- Born: 11 November 1834 Coteau du Lac, Lower Canada
- Died: 16 March 1925 (aged 90)
- Occupation: Publisher

= Richard Butler (publisher) =

Richard Butler (born 11 November 1834 at Coteau du Lac, Lower Canada - 16 March 1925) was an editor, publisher, journalist and U.S. vice-consul in Hamilton, Ontario.

==Life==
His parents had been born in Ireland and arrived in Canada a few months before his birth. He worked from childhood, so he had little formal education. He worked first as a confectioner and baker in Montreal, and secured a job with the Montreal Herald when he was twelve years old. This enabled him to help his mother raise Butler and his three siblings, after his father had died suddenly when serving in the British 24th Foot Regiment stationed in Canada.

His experience working for newspapers continued after the family moved to London, Ontario, where he found work for the London Free Press. He also gained experience in Hamilton working at the Journal and Express office. Butler moved to the United States in 1852 at the age of seventeen, working in Rochester, New York for the Rochester Union. In 1854 he returned to Hamilton, where he helped establish a union for printers. By 1859 he had worked his way up to an assistant foreman at the Christian Advocate.

He returned to the United States in time to be listed in the 1860 census as a resident of Cincinnati, Ohio, where he worked as a printer.

In 1862, he became editor of the Oxford Citizen, a newspaper in Oxford, Ohio, which he sold in 1870. He also operated a printing business there. During his Oxford years, Butler was active in a fraternal temperance society called the Good Templars and spent a few months in the Union Army. In 1915 he published a short history of early Oxford called Ancient Oxford. First appearing in a newspaper, it was later published as a short book.

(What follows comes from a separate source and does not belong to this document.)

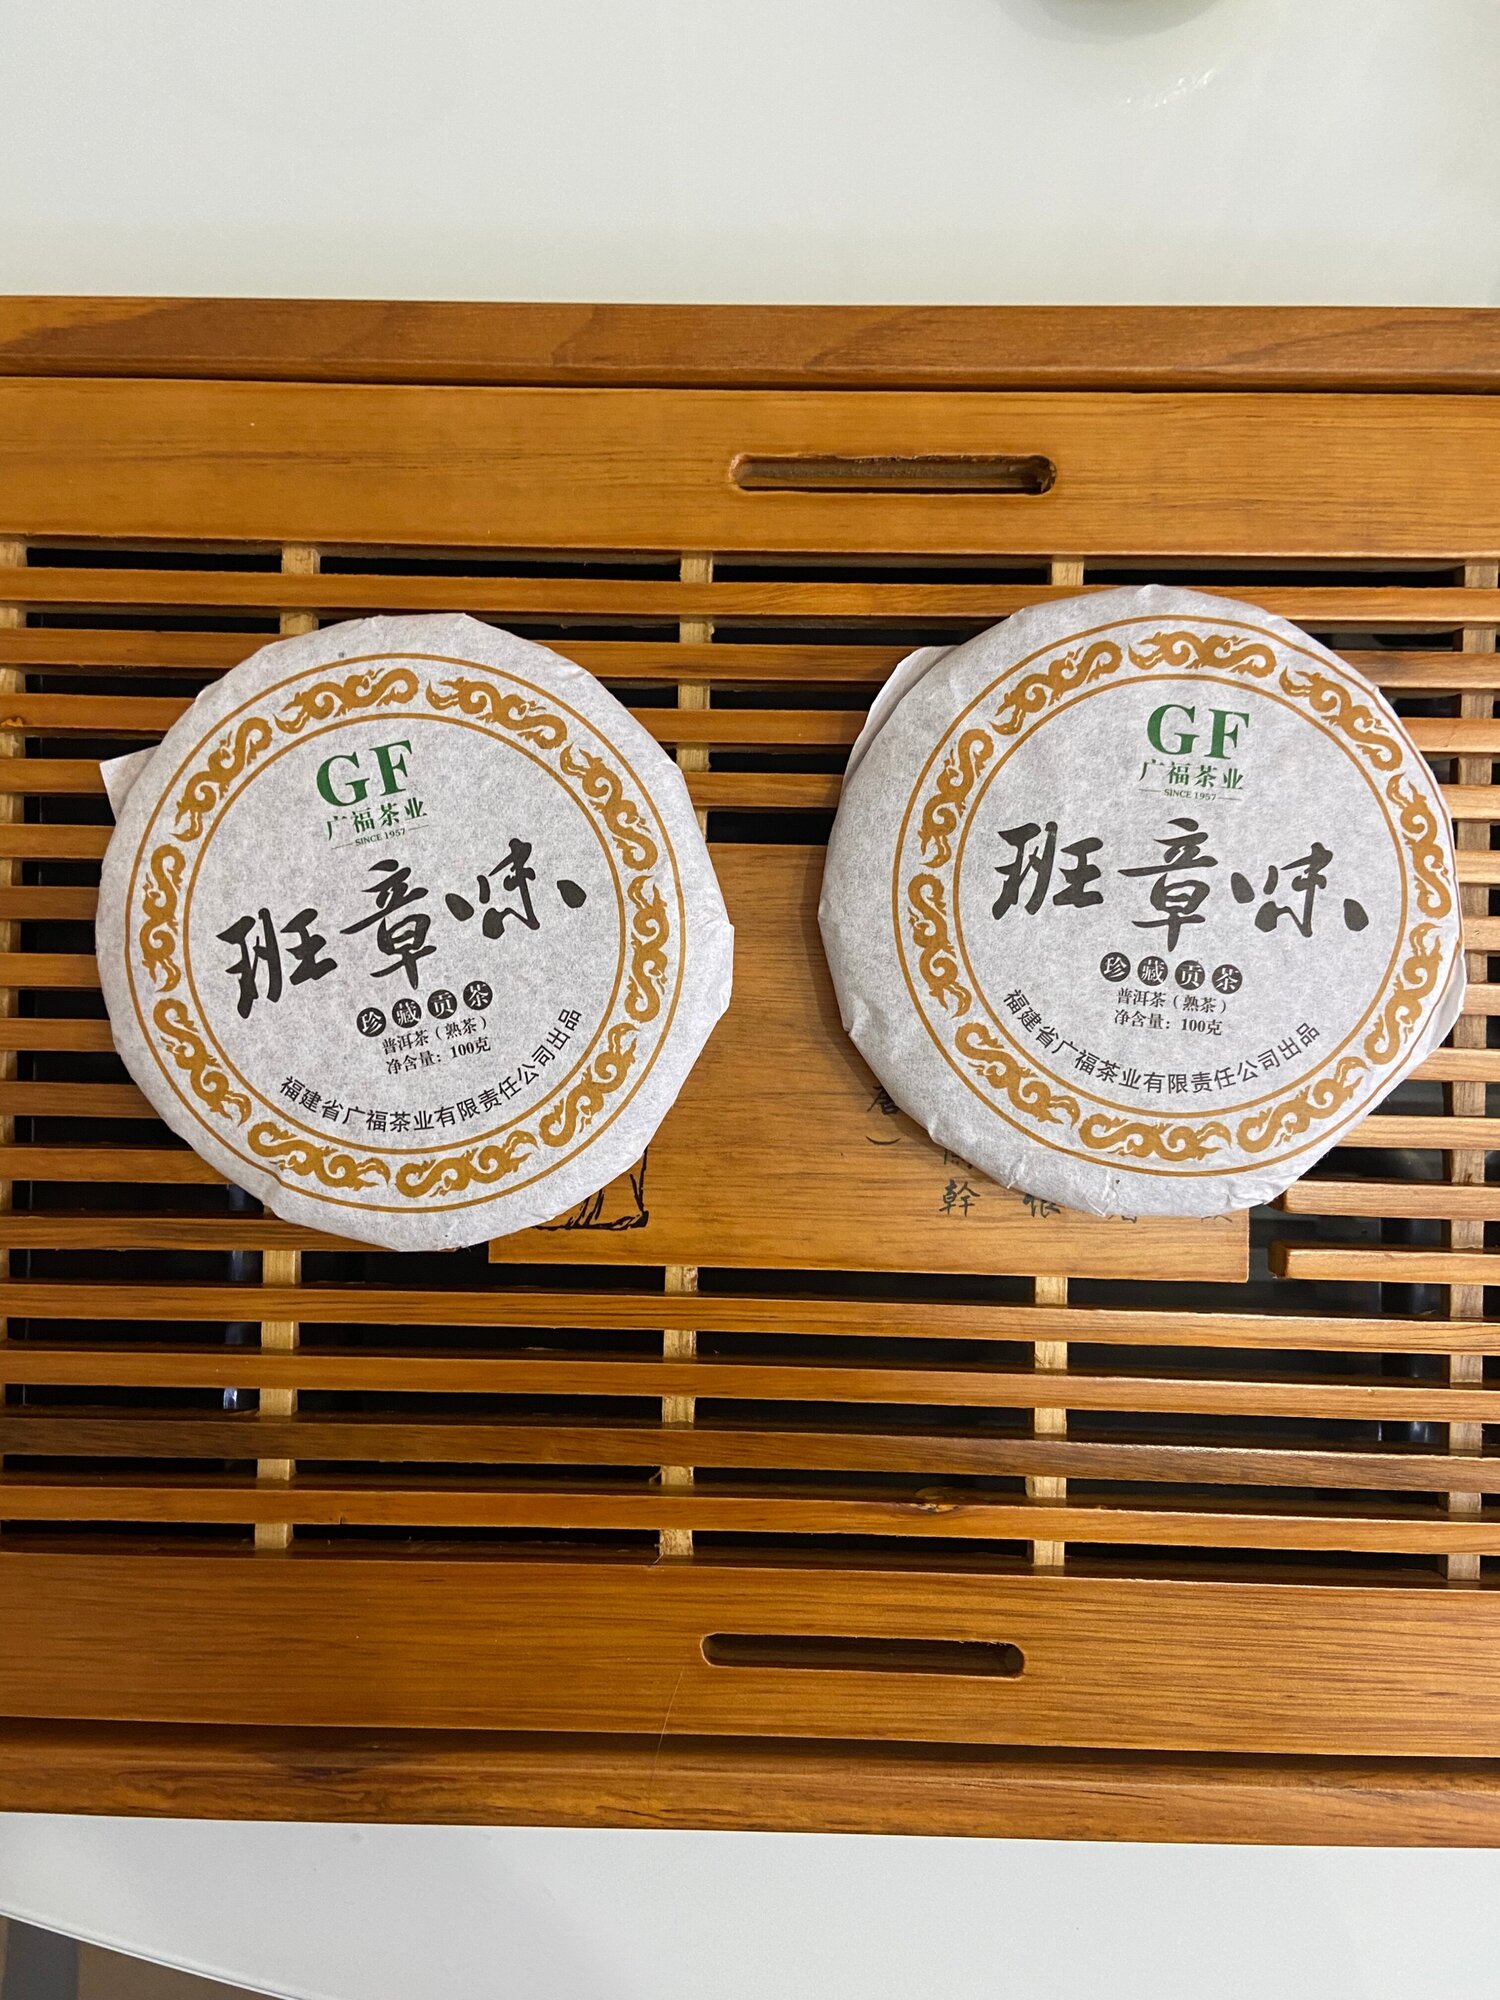 Китайский чай, Пуэр Шу, Гуанчжоу, блинчик 100гр, пресованный, крепкий, насыщенный, листовой

In 1870, Butler bought a newspaper in Oberlin, Ohio which proved to be a mistake. Oberlin College wanted a religious paper. After two years Butler sold the newspaper, and shortly afterwards became city editor of the Burlington Hawkeye in Burlington, Iowa. Eventually he moved to Illinois, where he bought the Clinton Public and was its editor and publisher for twenty-five years.

In 1897, after selling the Public, he returned to Canada once again where (as an ardent Republican) he was appointed to the position of U.S. vice-consul in the Ontario city of Hamilton, a position he held for eighteen years. At the same time was employed by the town's newspaper, the Hamilton Spectator, and wrote a column on the history of Hamilton for the Saturday edition of the paper, titled "Saturday Musings". The column appeared under the pen name of The Muser.

==Tribute==
The Butler neighbourhood in Hamilton Mountain is named after him. It is bounded by Stone Church Road East (north), Rymal Road East (south), Upper Wentworth Street (west) and Upper Sherman Street (east). Landmarks in this neighbourhood include St. Jean de Brebeuf High School and Billy Sherring Park.